Wednesday, July 27, 2011
A Crisis of Trust
Recently, many companies were forced to take their stocks off the market because of credibility problems. Since March, five Chinese companies were dismissed from the U.S. stock market, and 15 companies were asked to stop transactions.
Because of the credibility concerns, some stock trading companies have already prohibited using loans to buy more than 130 stocks. The U.S. listed Chinese companies are facing a trust crisis. Many companies are under suspicion for faking financial statements. Also, the SEC said they are investigating the financial statements of the Chinese companies listed on the U.S. stock market who have entered by merging with U.S. companies.
Since this year, it’s become a trend in the U.S. to question listed Chinese companies. These companies may be questionable because they withhold some information, don’t abide by transaction rules, or are in questionable financial condition.

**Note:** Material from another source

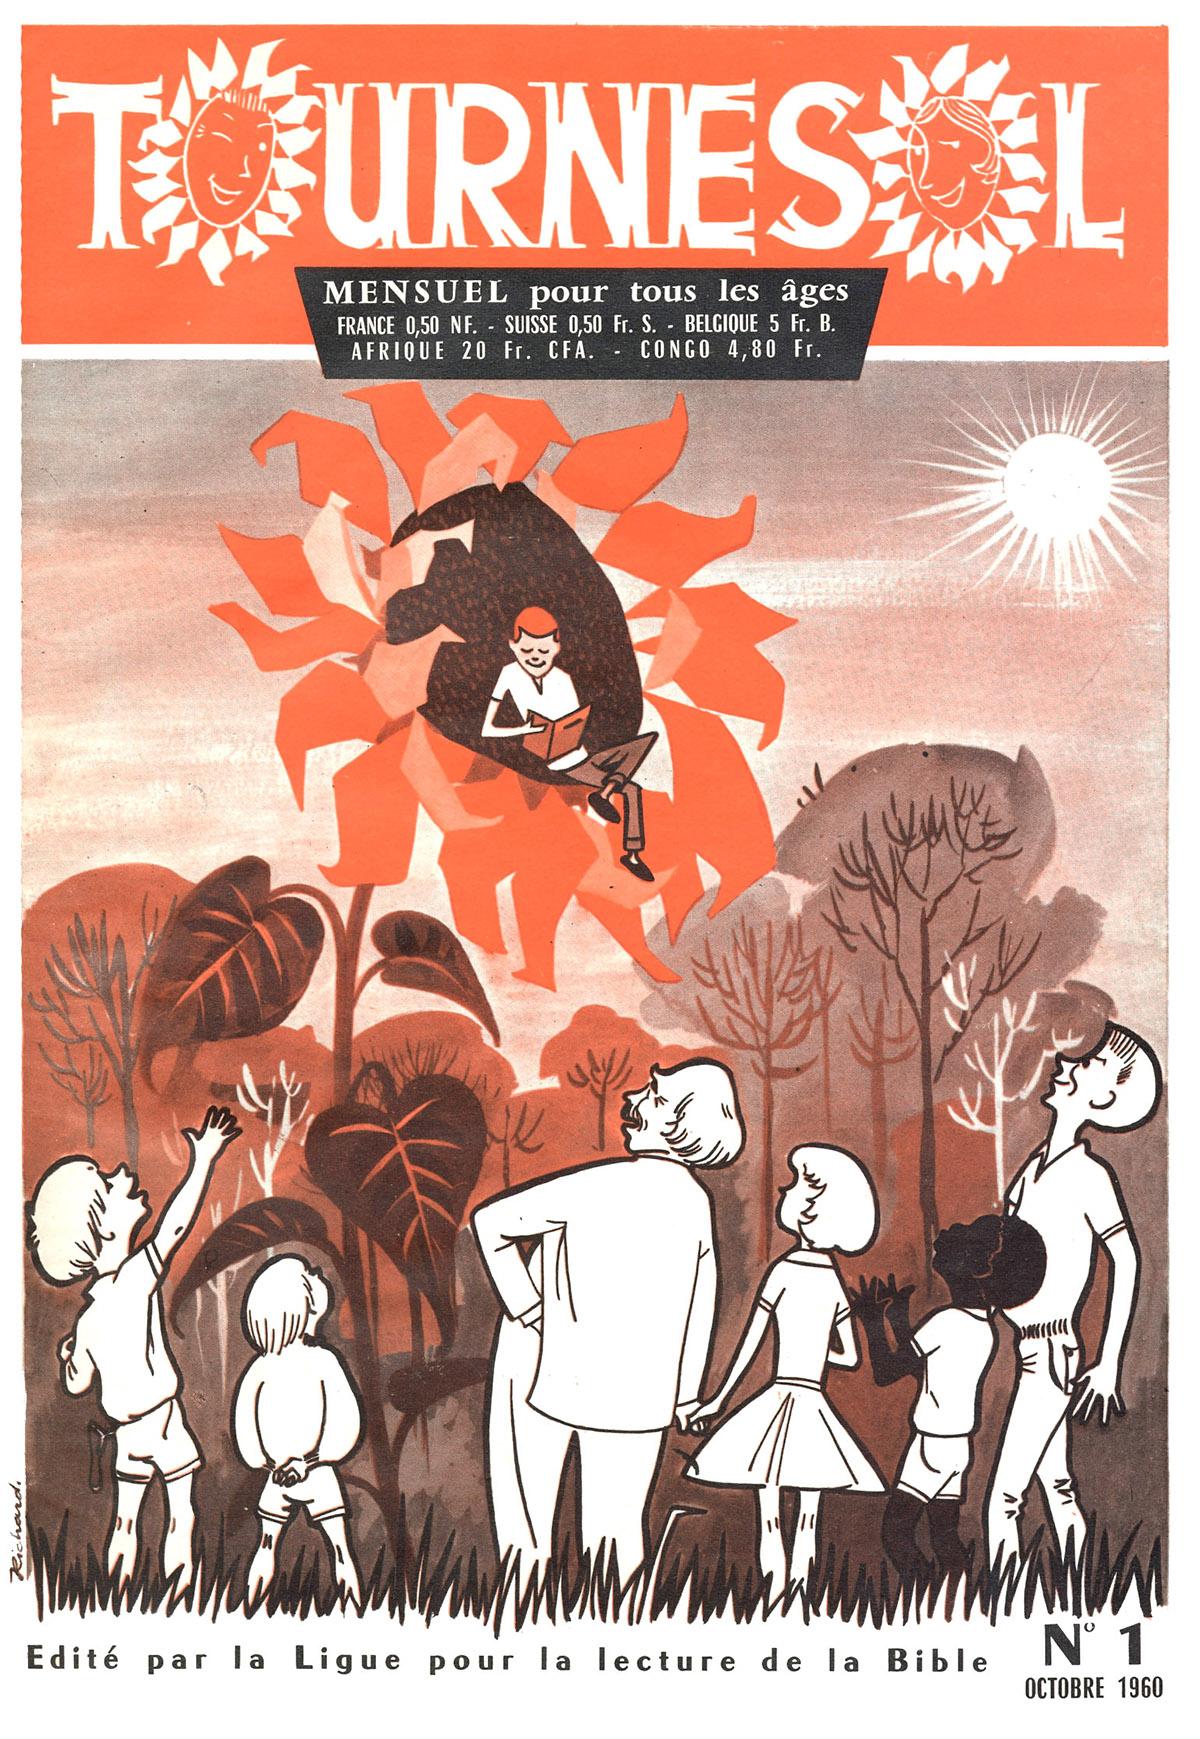 Tournesol - 1960

Among those companies who were asked to stop transactions, one of them was asked less than two months after the company went IPO.
Because lots of Chinese companies are in trouble, many stock trading companies have already begun shorting those companies. Two of them are Muddy Waters Research and Citron Research. Interestingly enough, these two research institutes investigate fraudulent companies and also short stocks at the same time. It is no surprise that they are doing quite well.

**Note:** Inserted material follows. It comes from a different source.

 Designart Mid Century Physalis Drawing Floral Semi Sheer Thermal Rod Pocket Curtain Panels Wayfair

Fraud in China is not limited to corporations. Not long ago, investigation by the National Statistics Bureau revealed a large number of plagiarized research papers among Chinese scholars. In the patent industry, inventors in China will often divide up a single invention into dozens of patents for each part in order to get tax exemptions and to appear more innovative. Chinese banks in the past have also distorted their financial reports to make themselves seem profitable.
Clearly, a decade ago, it was the trend to question the quality of Chinese manufactured goods. Now that China has entered the financial sector, their companies are also coming under suspicion.